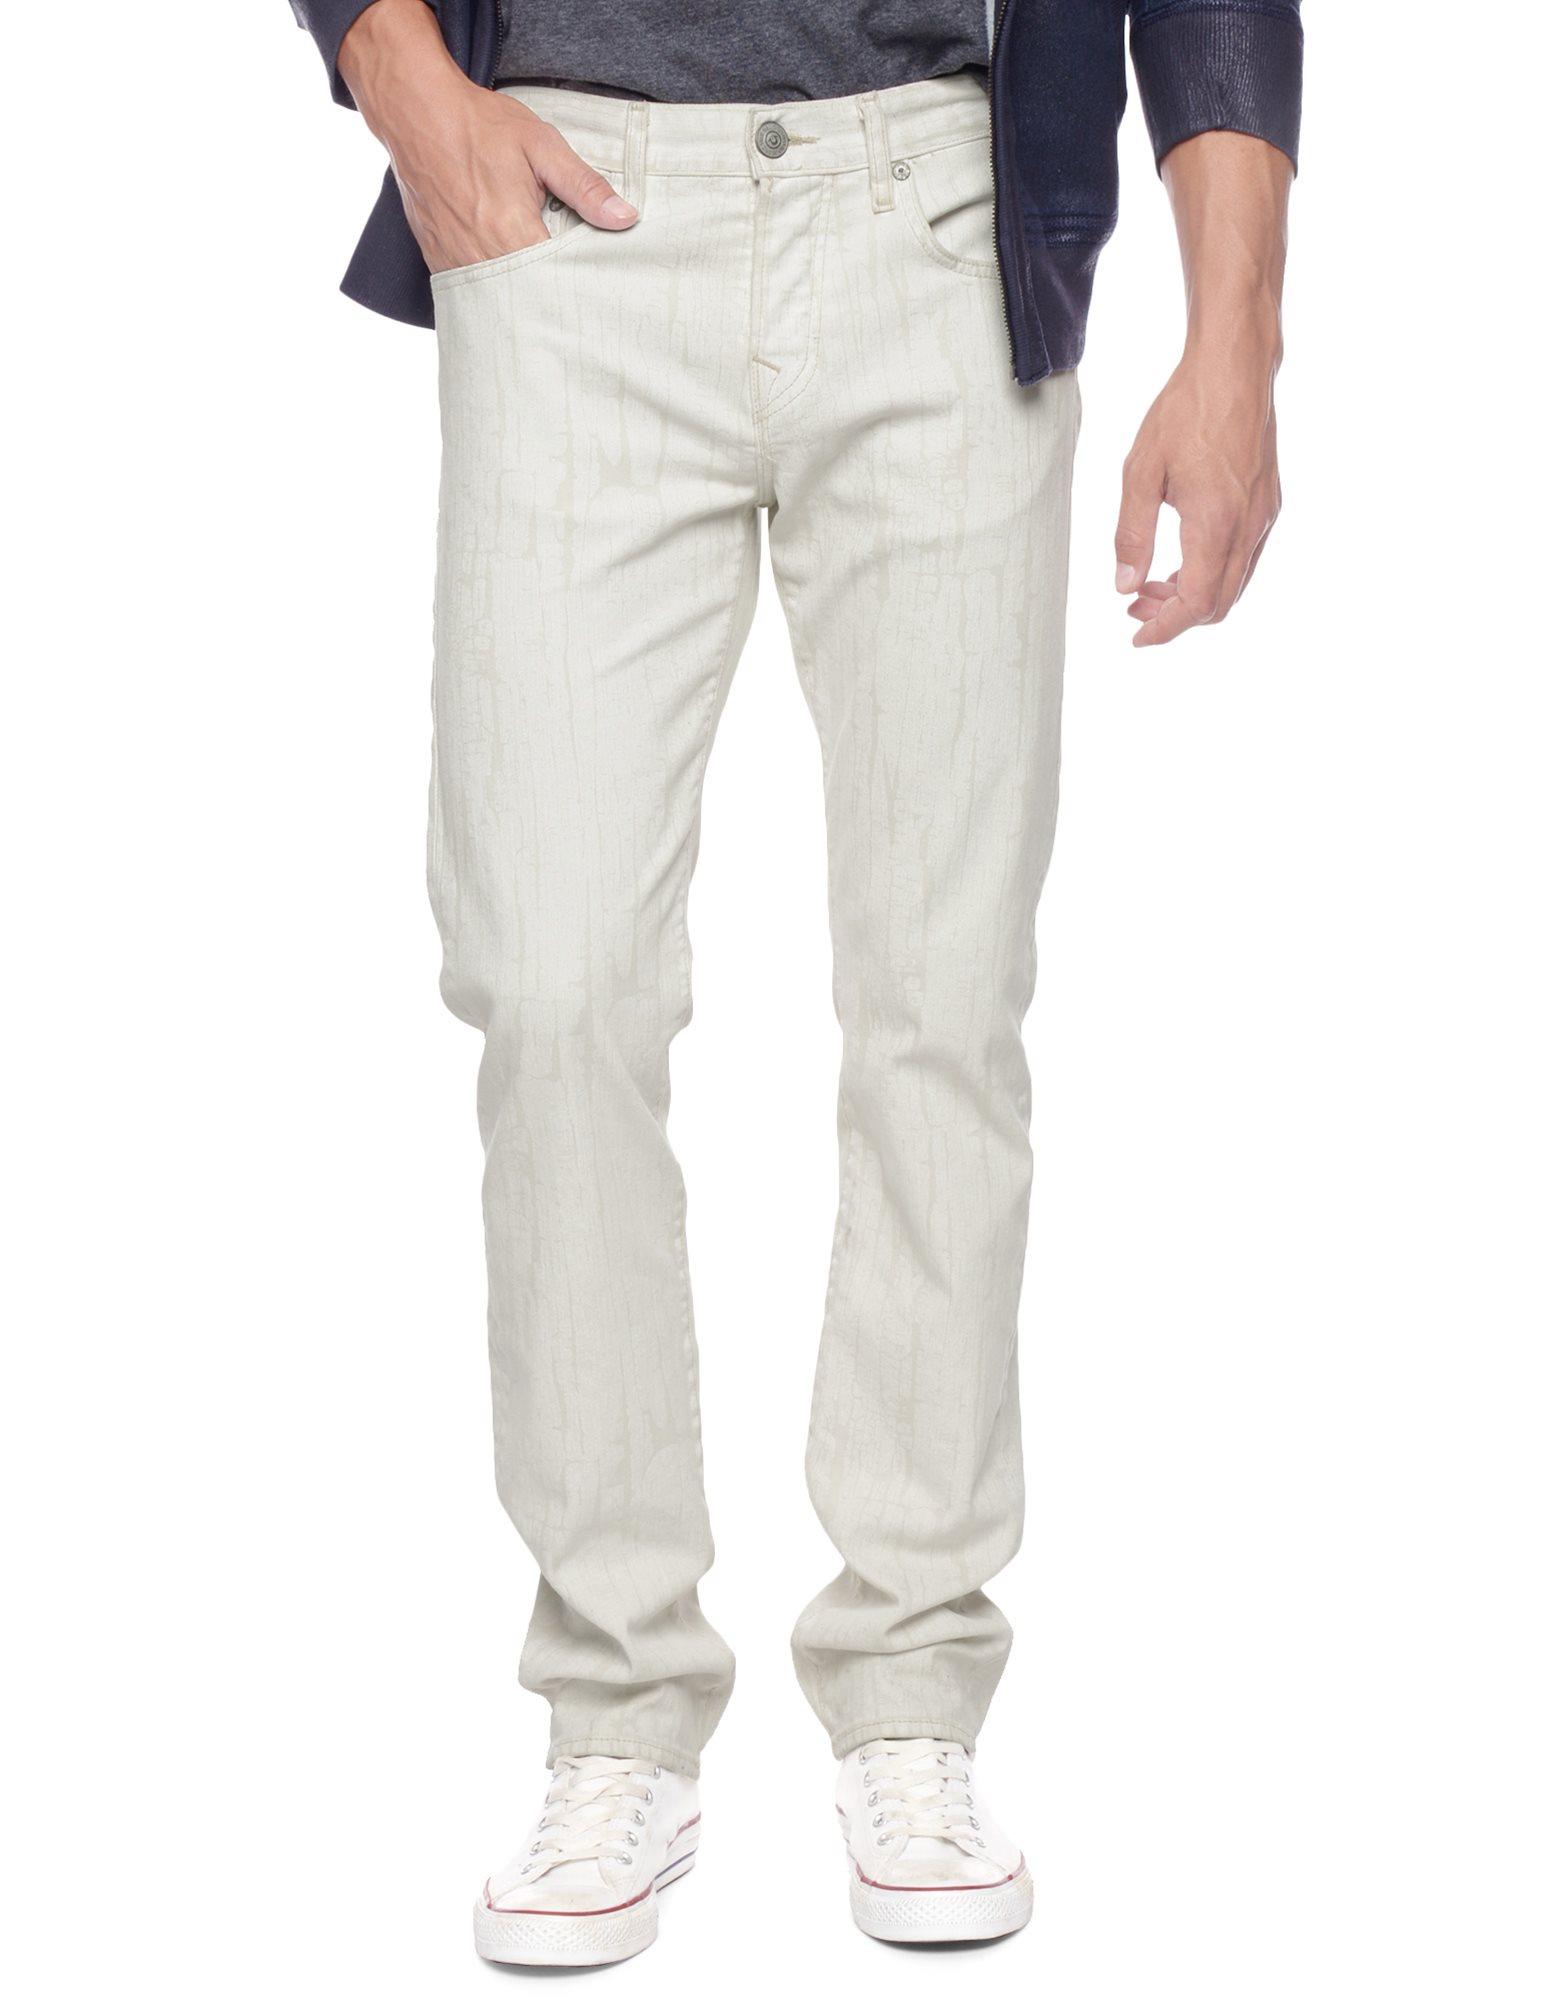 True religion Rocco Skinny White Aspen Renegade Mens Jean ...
• • • • • • •
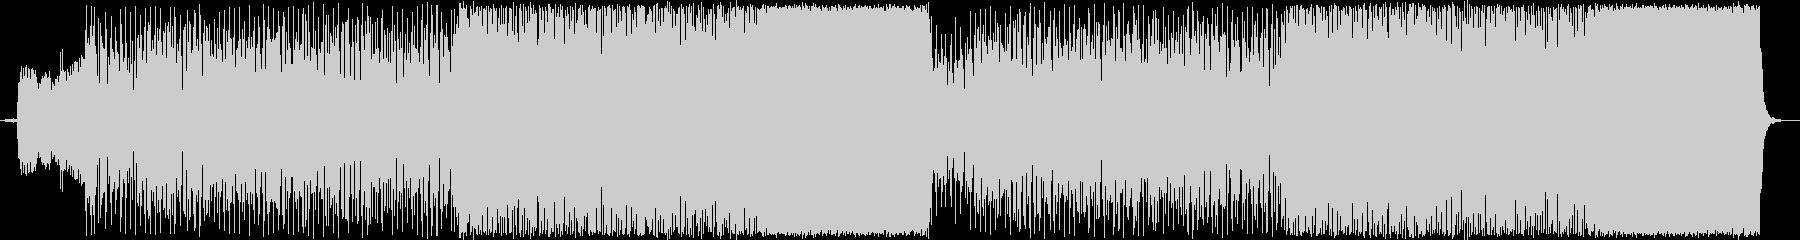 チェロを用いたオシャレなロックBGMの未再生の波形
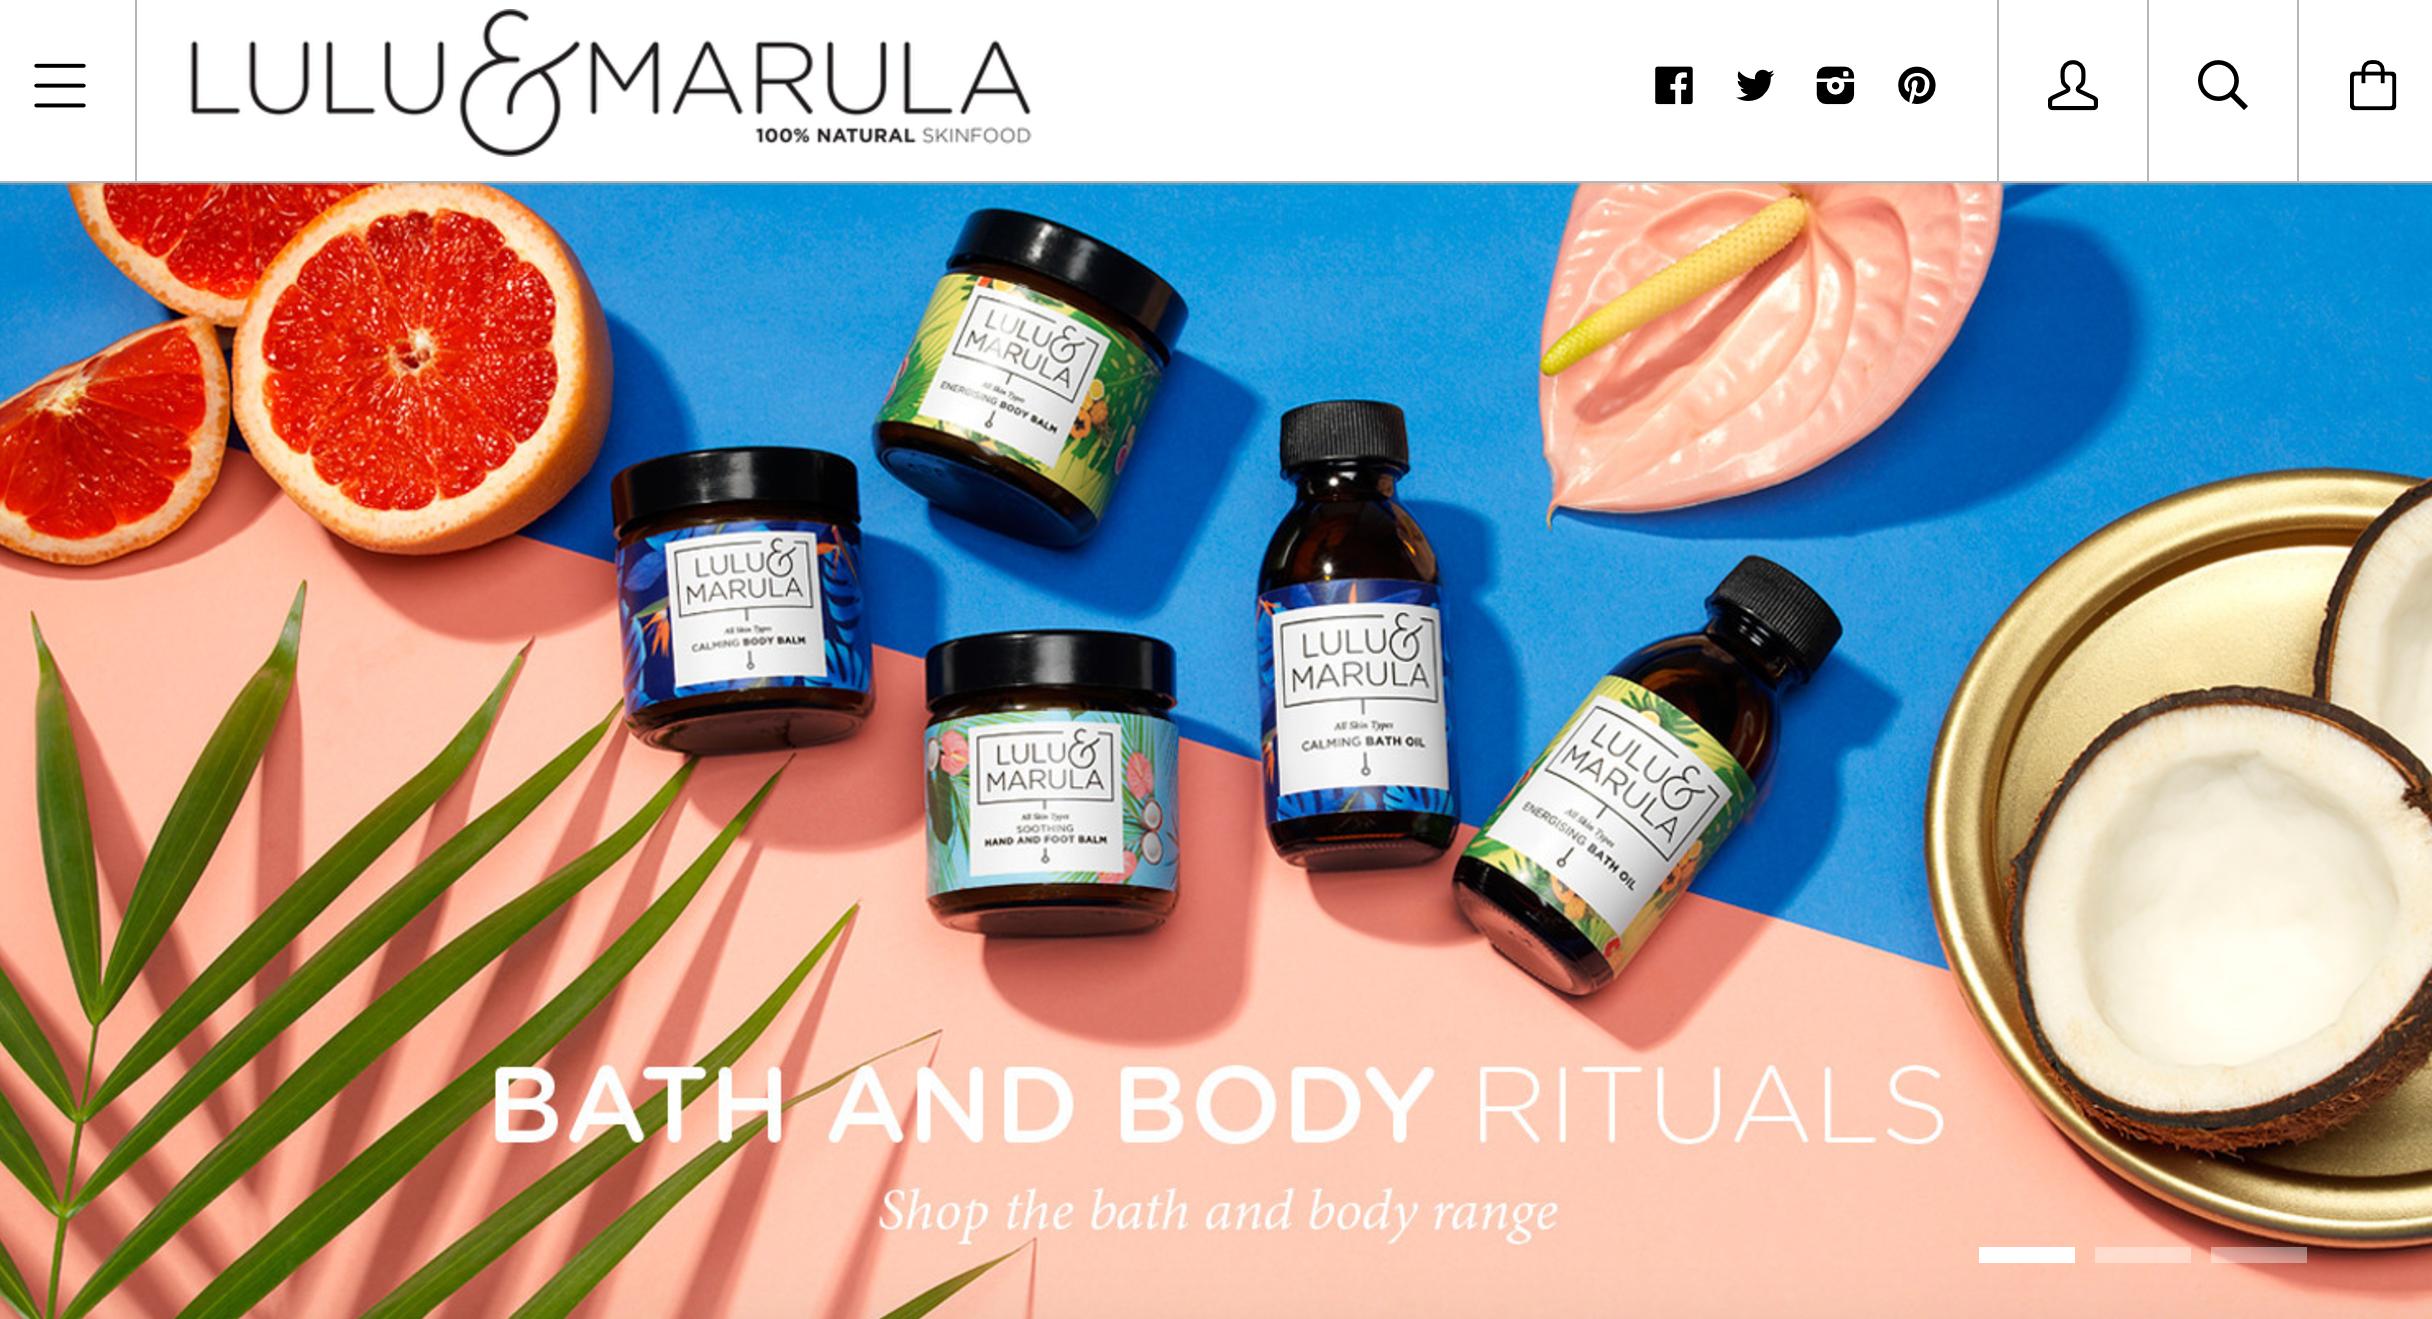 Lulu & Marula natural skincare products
• • • • • • •
■ Your assignment:
Without the pictures, set down the lines above from the line with "チェロを用いたオシャレなロックBGMの未再生の波形" up to and including the line with "Lulu & Marula natural skincare products" exactly as they stand.

■ Result of the task:
 チェロを用いたオシャレなロックBGMの未再生の波形
 Lulu & Marula natural skincare products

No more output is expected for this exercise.